An exact transcription is needed, beginning at the line with "InterDesign Under Shelf Wire Basket, Chrome" and ending at the last line of the listing, with pictures left out and nothing else added.
****
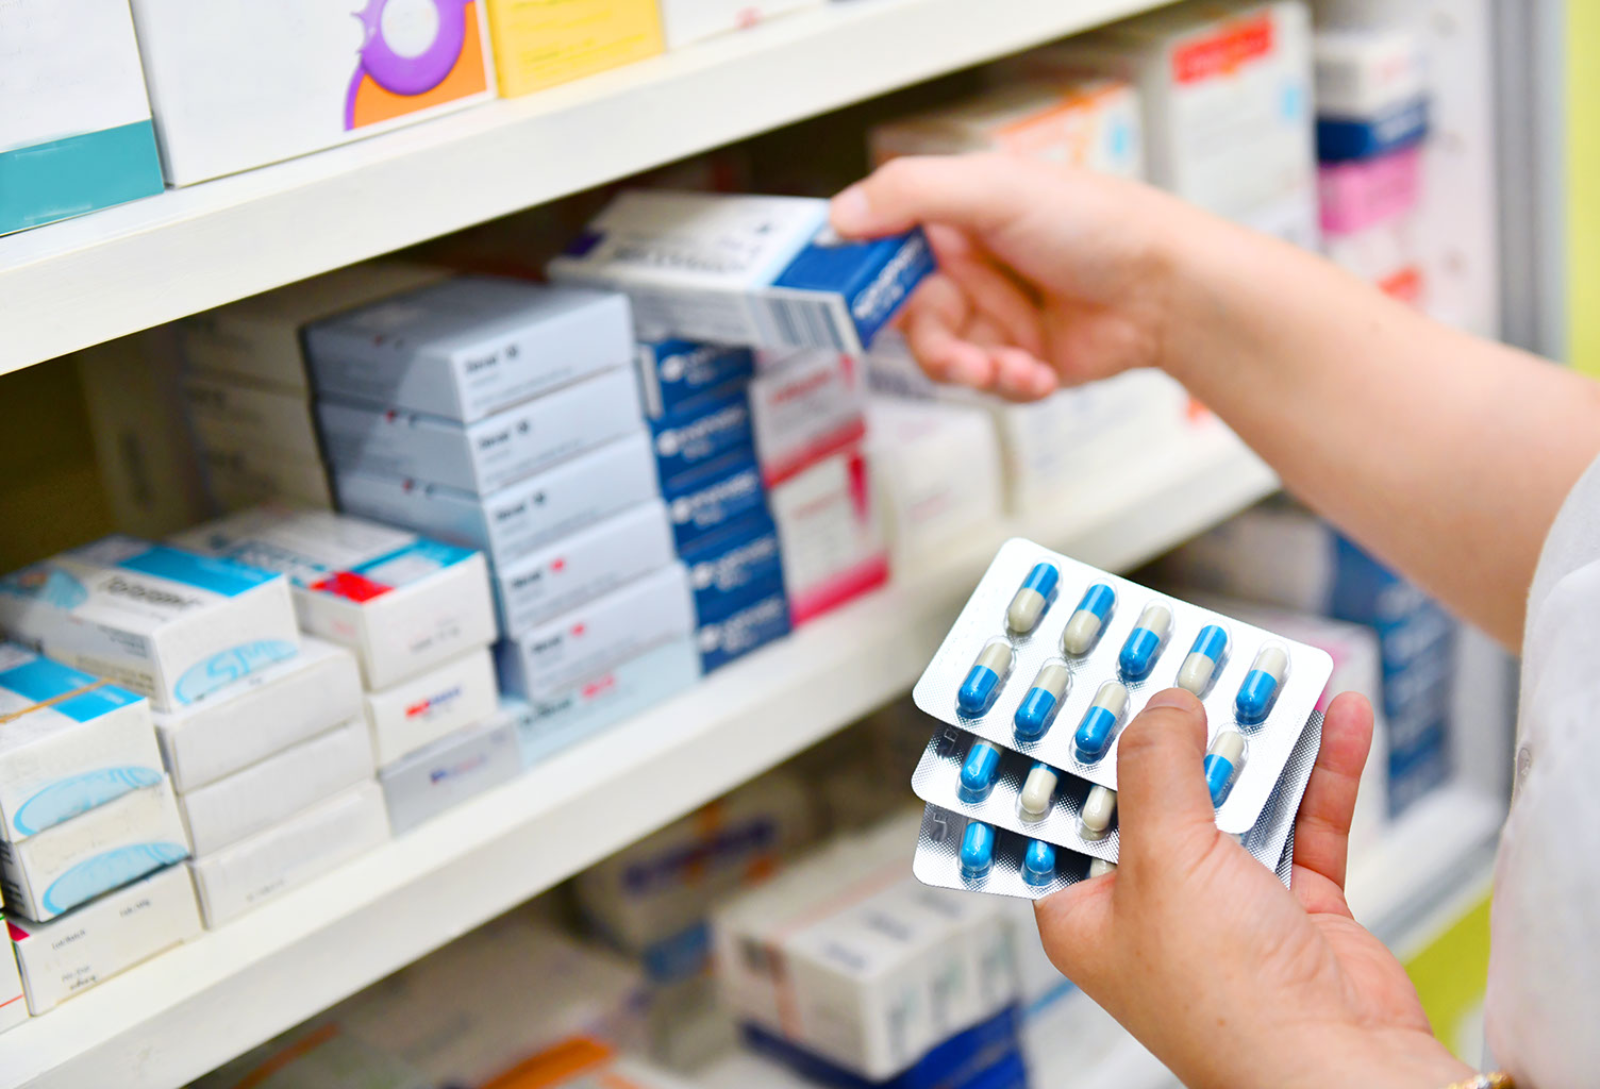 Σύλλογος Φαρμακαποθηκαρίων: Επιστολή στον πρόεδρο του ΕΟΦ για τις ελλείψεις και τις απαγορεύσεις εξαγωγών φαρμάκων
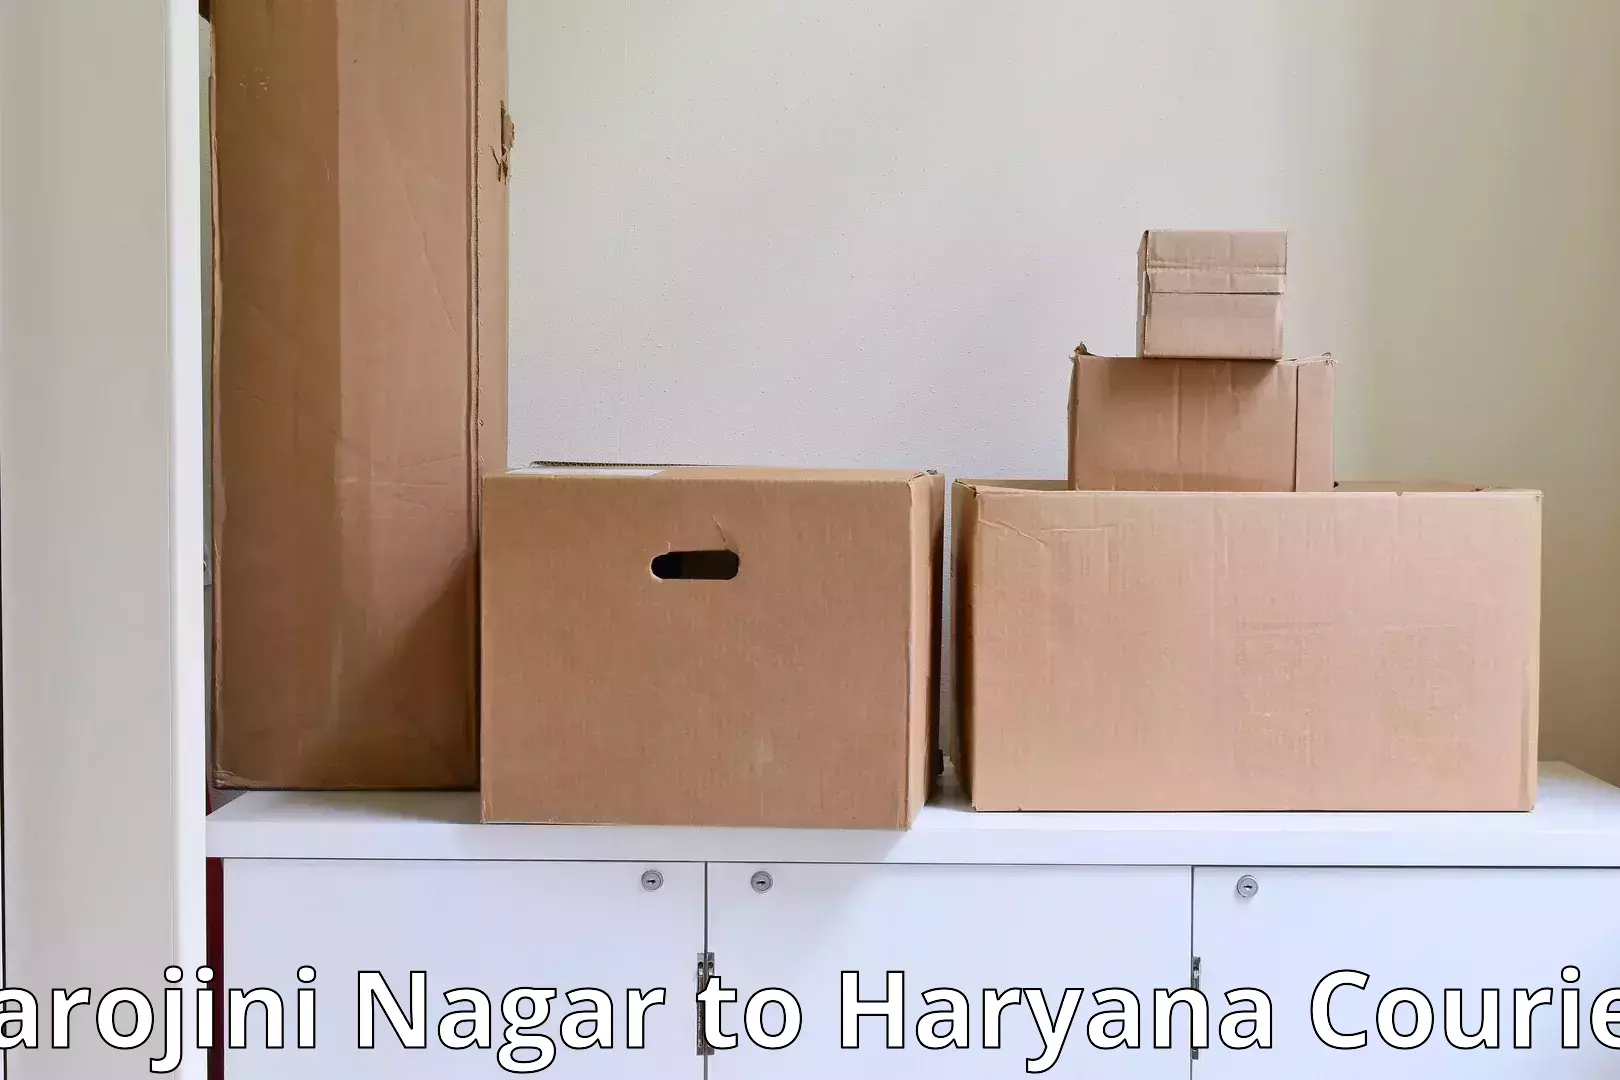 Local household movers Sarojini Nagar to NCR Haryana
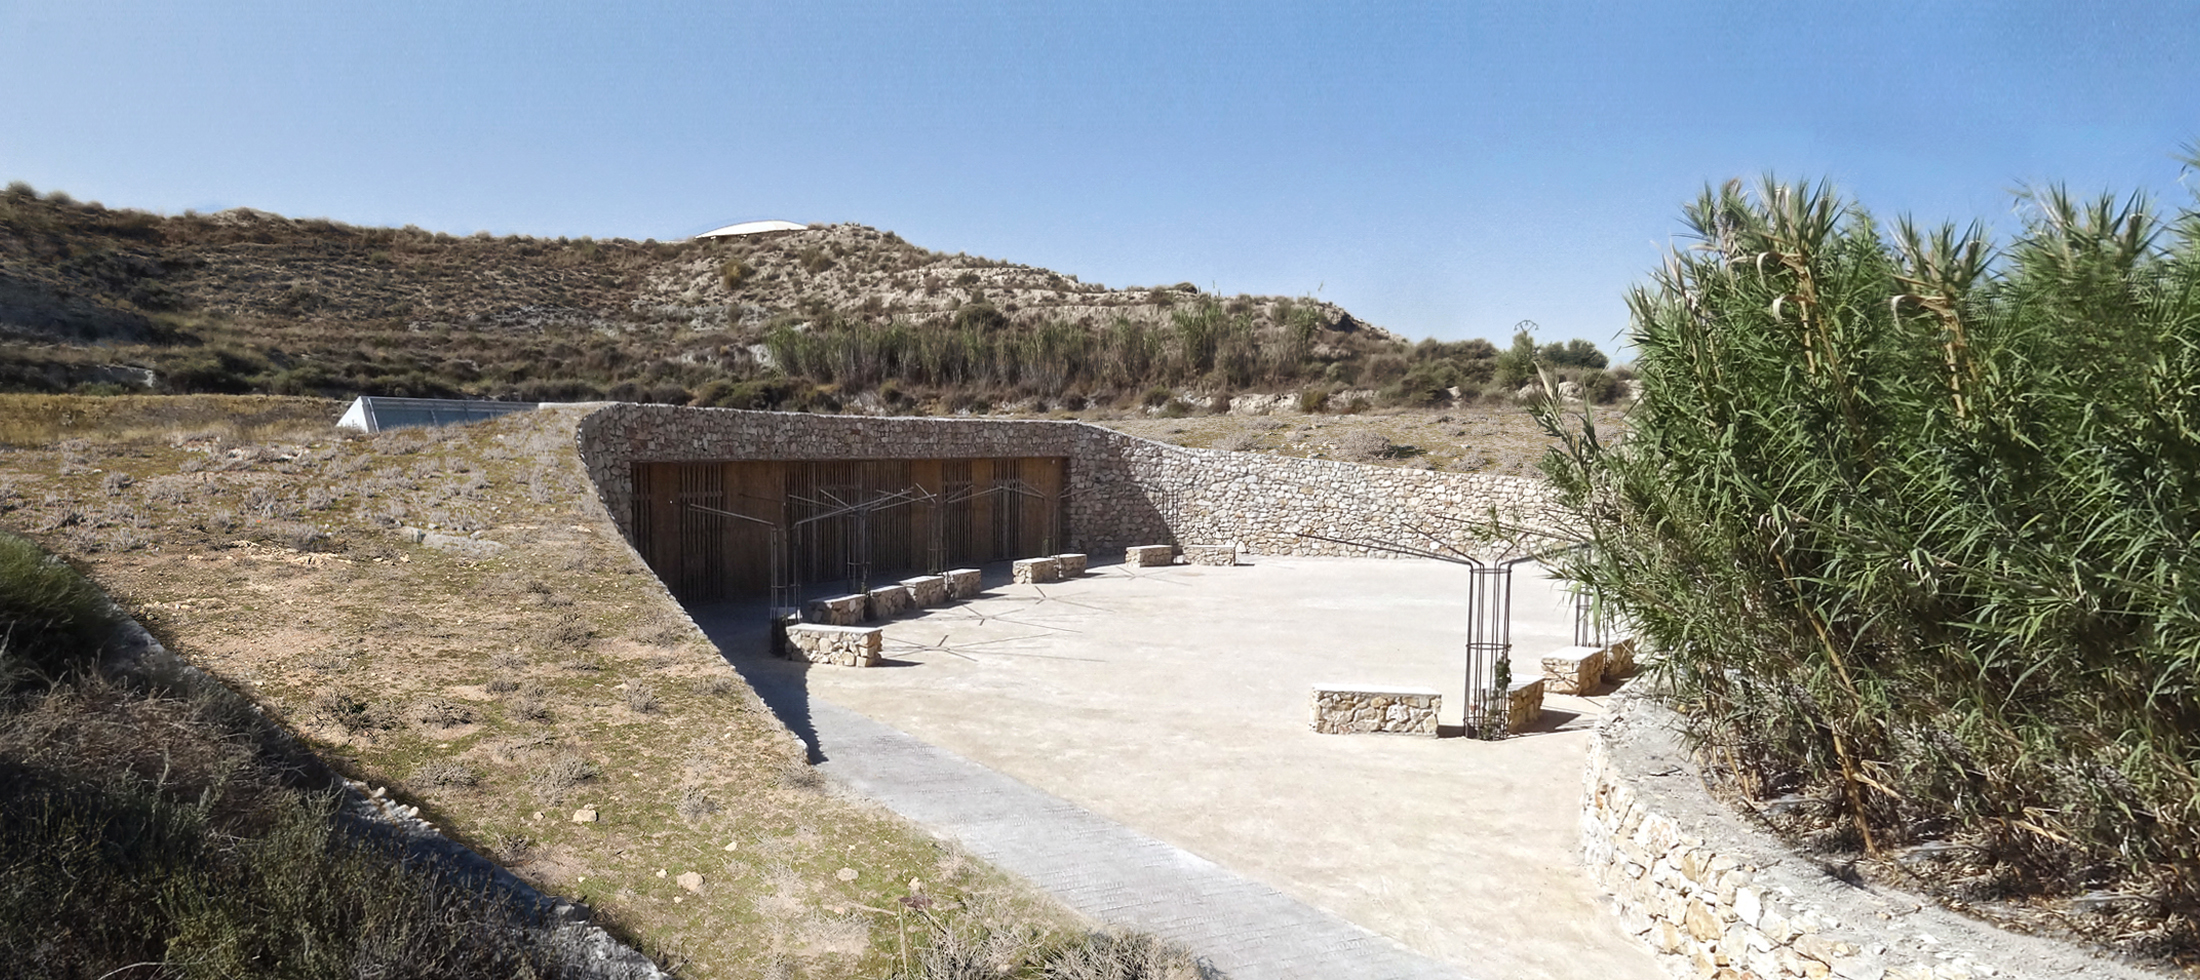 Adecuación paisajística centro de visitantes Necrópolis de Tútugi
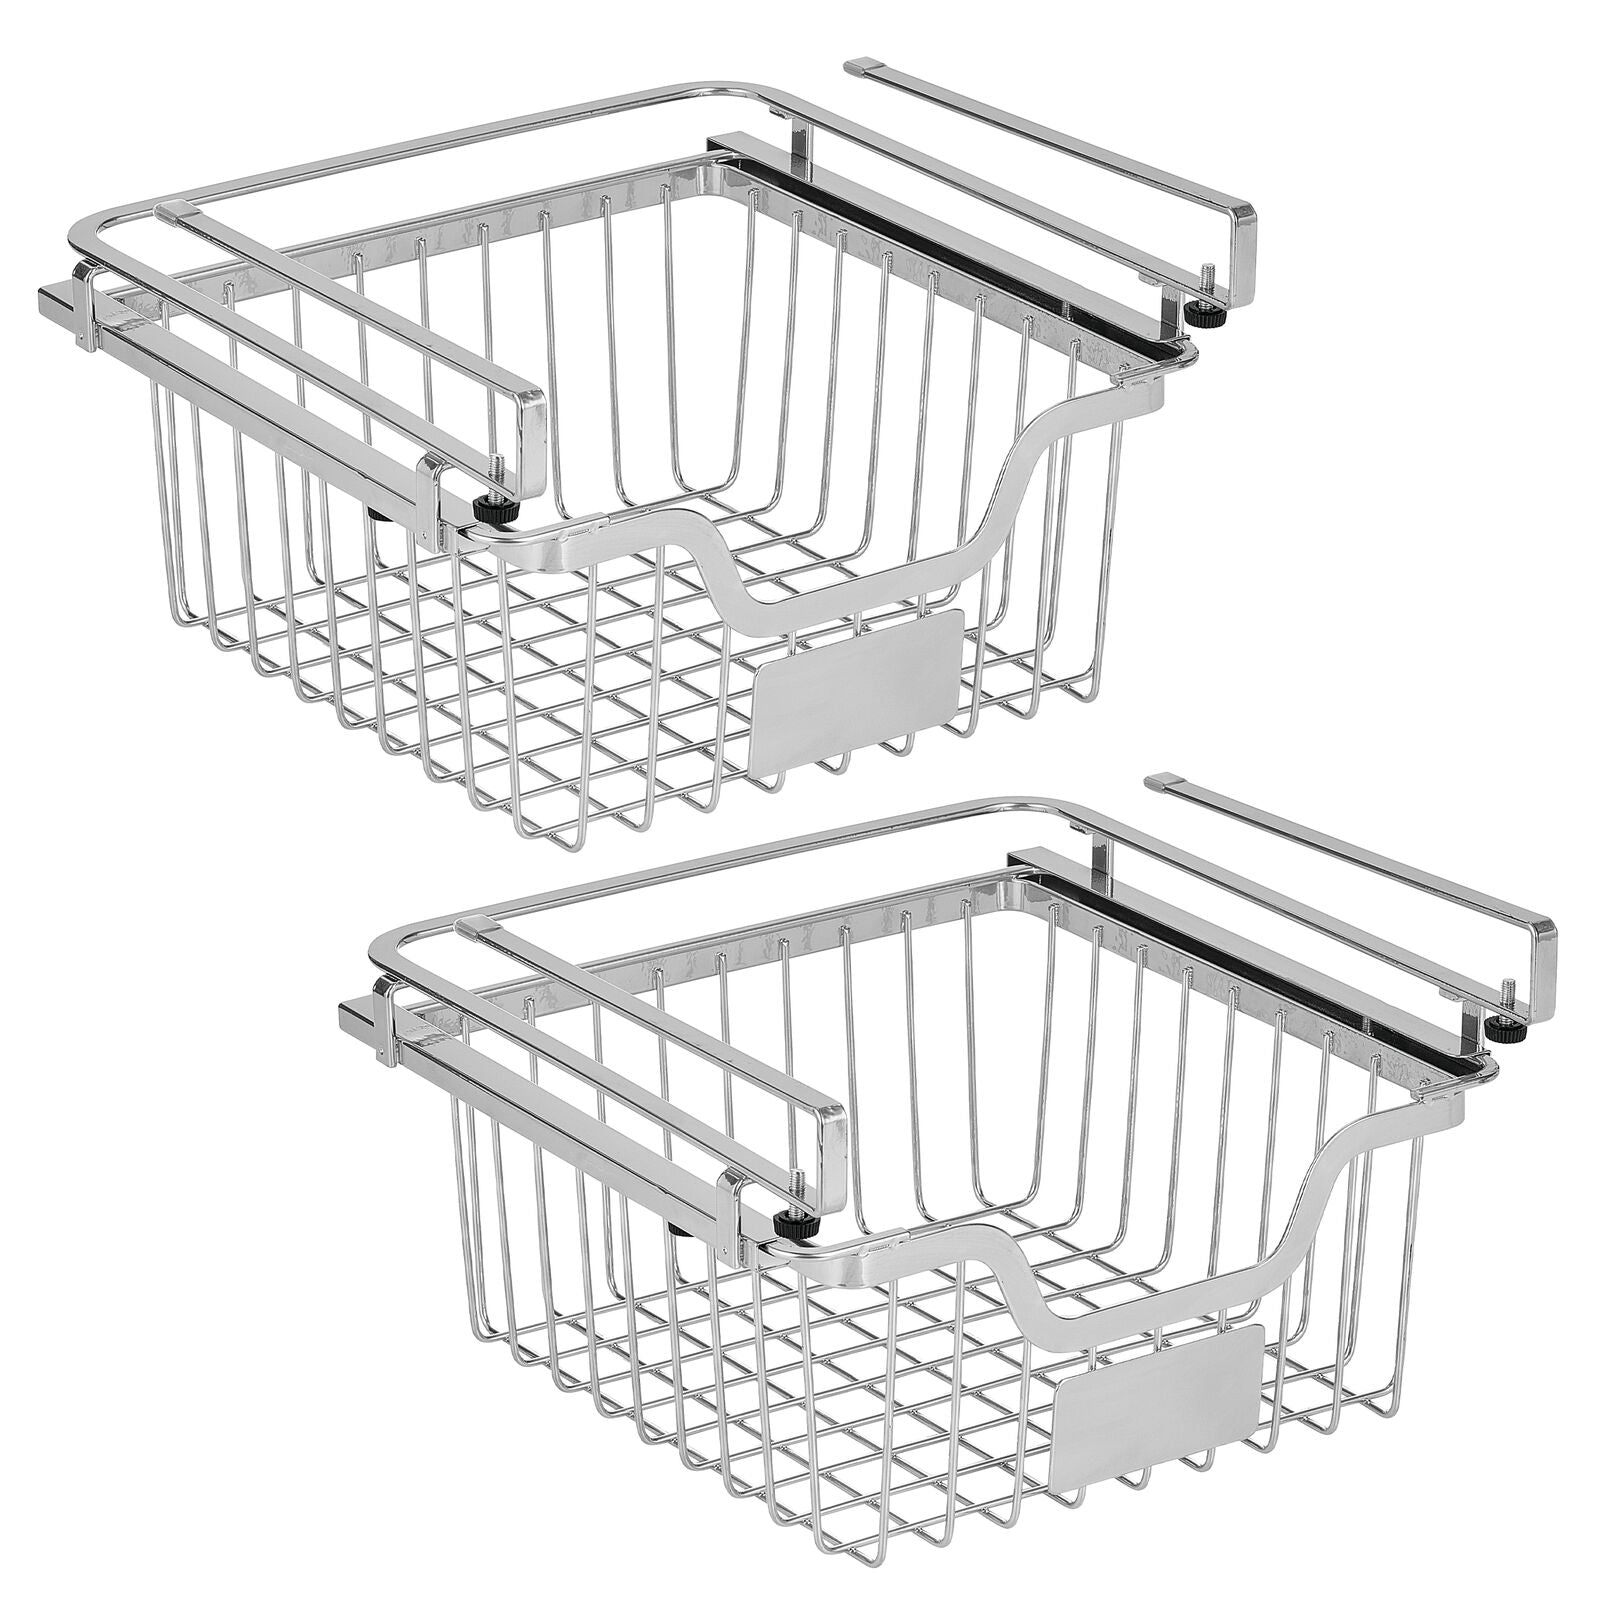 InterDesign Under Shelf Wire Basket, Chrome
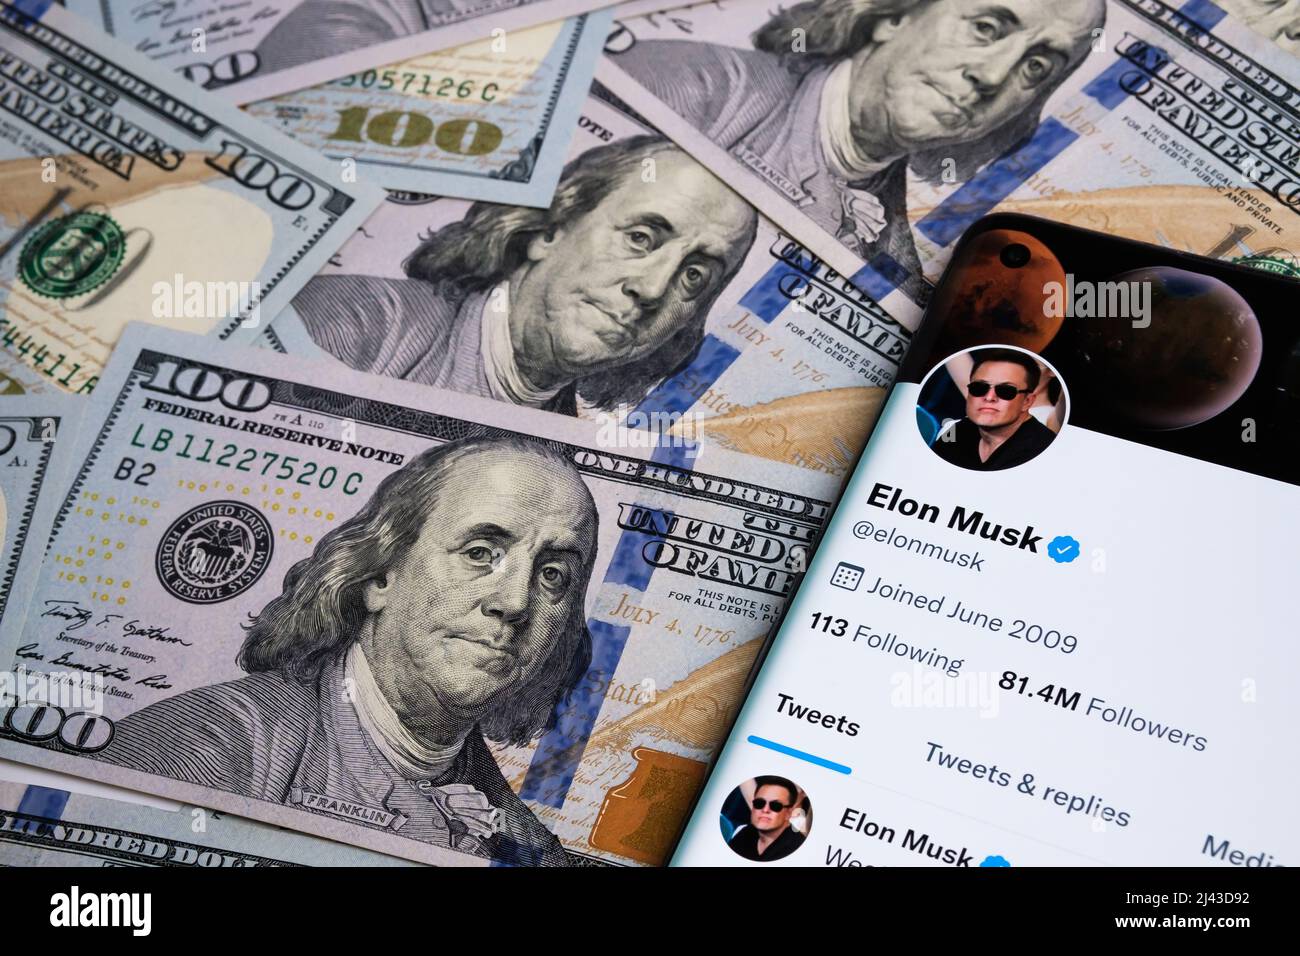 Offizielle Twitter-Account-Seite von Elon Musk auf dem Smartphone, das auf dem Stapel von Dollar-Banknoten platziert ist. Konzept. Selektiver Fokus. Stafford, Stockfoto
****
» Your solution
 InterDesign Under Shelf Wire Basket, Chrome
 Offizielle Twitter-Account-Seite von Elon Musk auf dem Smartphone, das auf dem Stapel von Dollar-Banknoten platziert ist. Konzept. Selektiver Fokus. Stafford, Stockfoto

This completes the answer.